Haptic Perception on the Plantar Surface for Vibrotactile Feedback Insoles

The plantar surface provides critical sensory feedback during standing, balancing, and locomotion, making it a promising area for haptic augmentation. While insoles offer a practical platform for integrating vibrotactile feedback into daily activities, insole-based haptic systems must be carefully designed to complement rather than interfere with the natural sensory processing. To inform such designs, we investigate spatial acuity and perceivability ratings across the plantar surface under varying load conditions. We use a 3D-printed vibrotactile insole with four linear resonant actuators (LRAs) and conduct a user study (n=6) investigating stimulus localization and perceivability in both sitting and standing postures. We ask the participants to localize the perceived vibrotactile stimuli on a foot contour and to rate the perceivability of the stimuli.

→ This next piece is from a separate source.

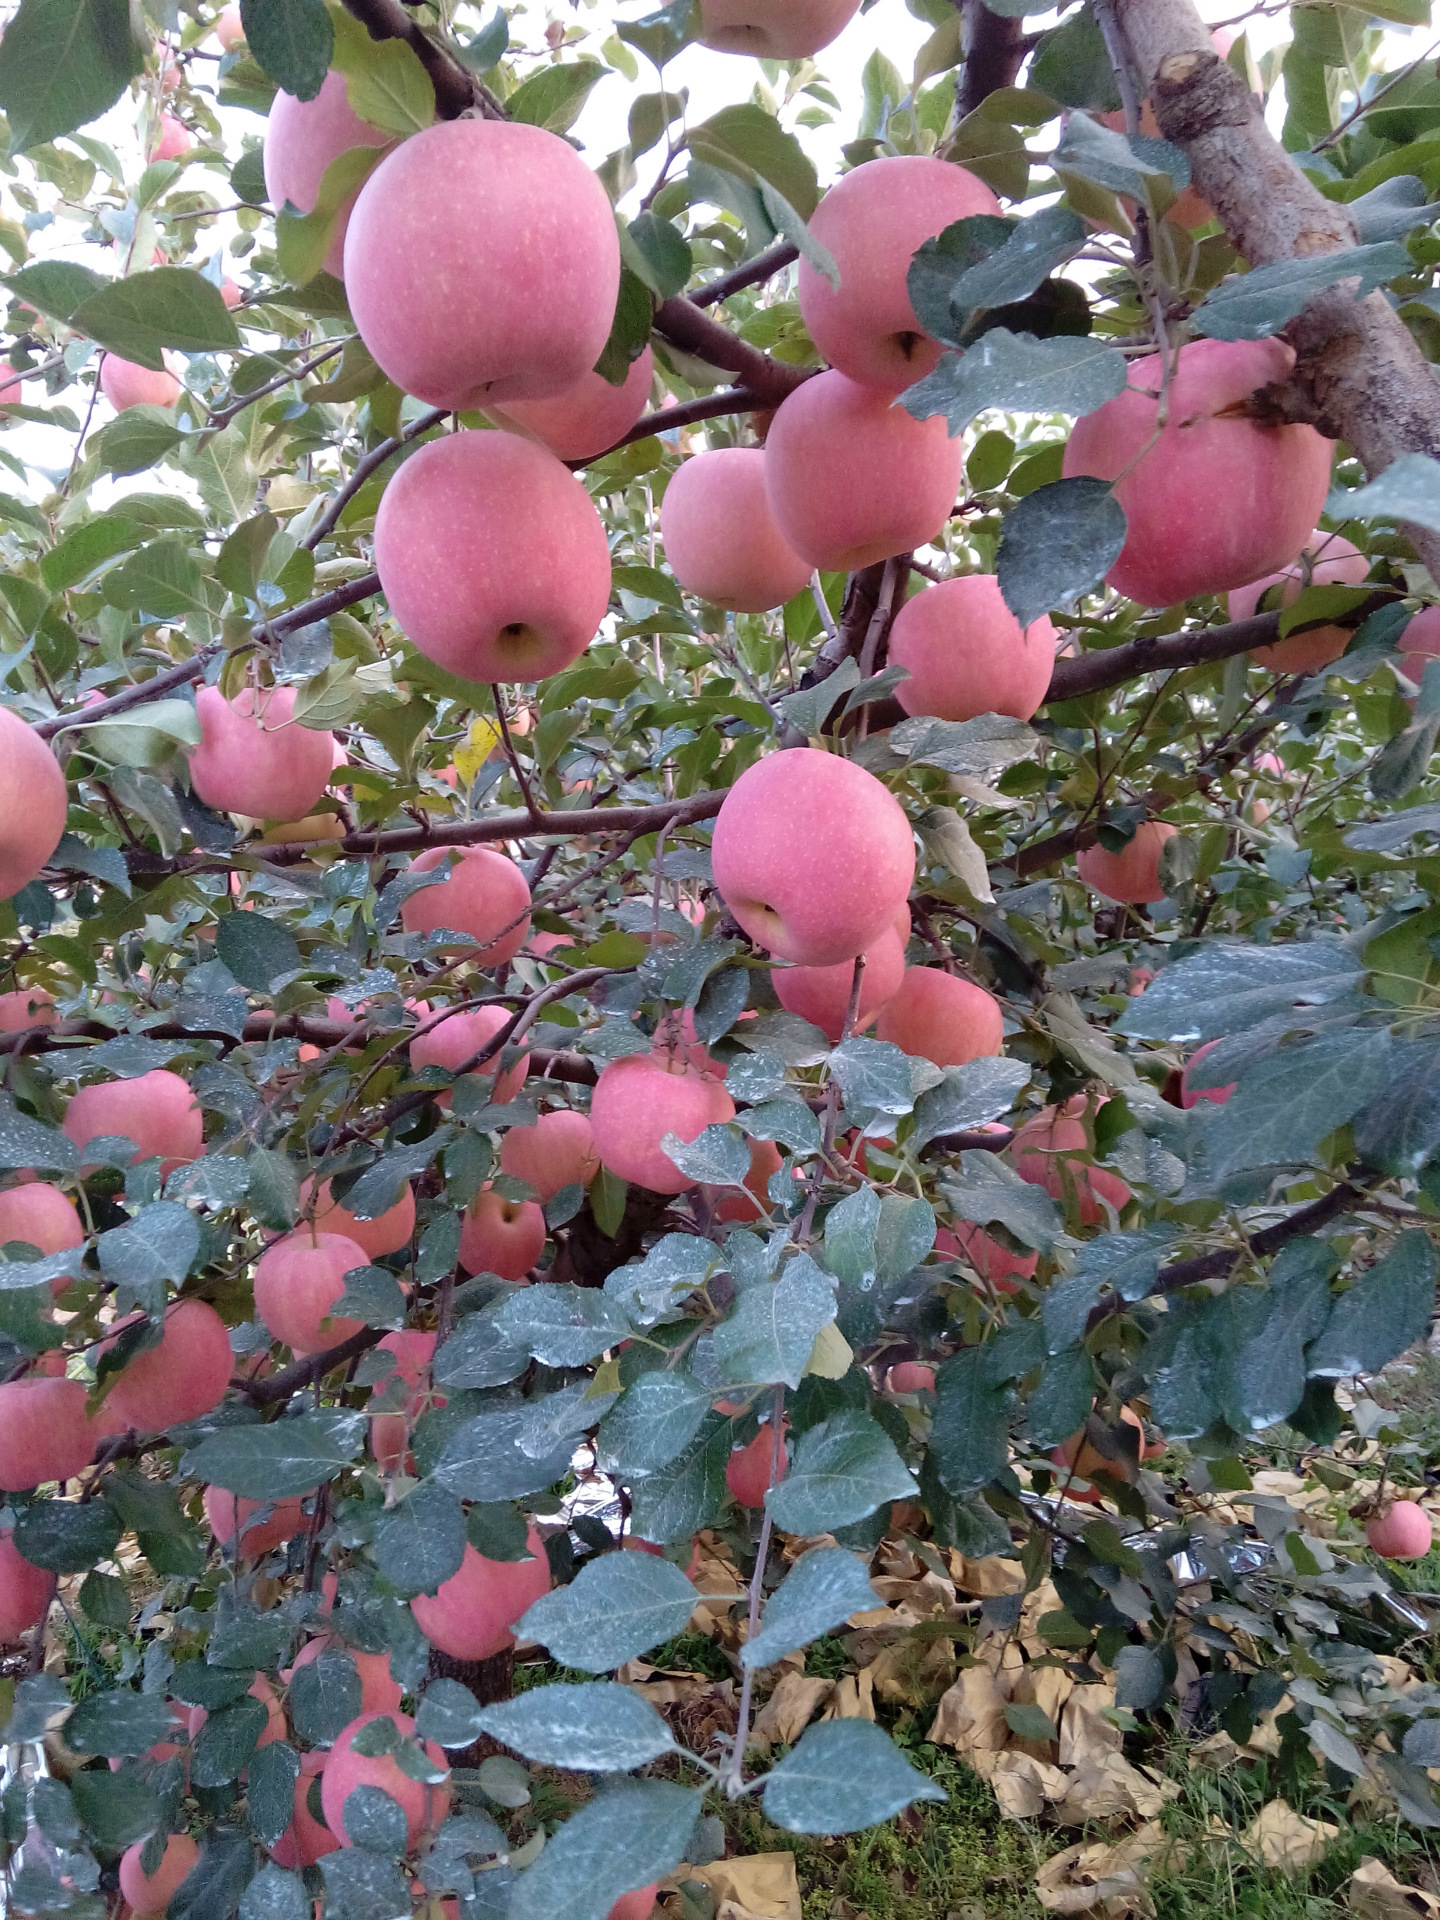 真正的绿色苹果,无农药残留,纯有机肥,一棵树30kg有机肥,自家果园

Our results reveal significant differences in localization accuracy between anatomical regions, with average localization errors ranging from 8.44 ± 0.1 mm at the great toe to 35.4 ± 7.06 mm in the metatarsal region. In addition, we find that perceivability rating significantly decreased in the standing posture compared to the sitting posture, with an average reduction of 29%. These results provide guidelines for the optimal design and positioning of vibrotactile actuators in haptic insoles interfaces.

• Publication year

  2025

• Venue

  World Haptics Conference

• Publication date

  2025-07-08

• Fields of study

  Not labeled

• Identifiers
  DOI 10.1109/WHC64065.2025.11123284
• External record

  Open on Semantic Scholar

• Source metadata

  Semantic Scholar

• No claims are published for this paper.

• No concepts are published for this paper.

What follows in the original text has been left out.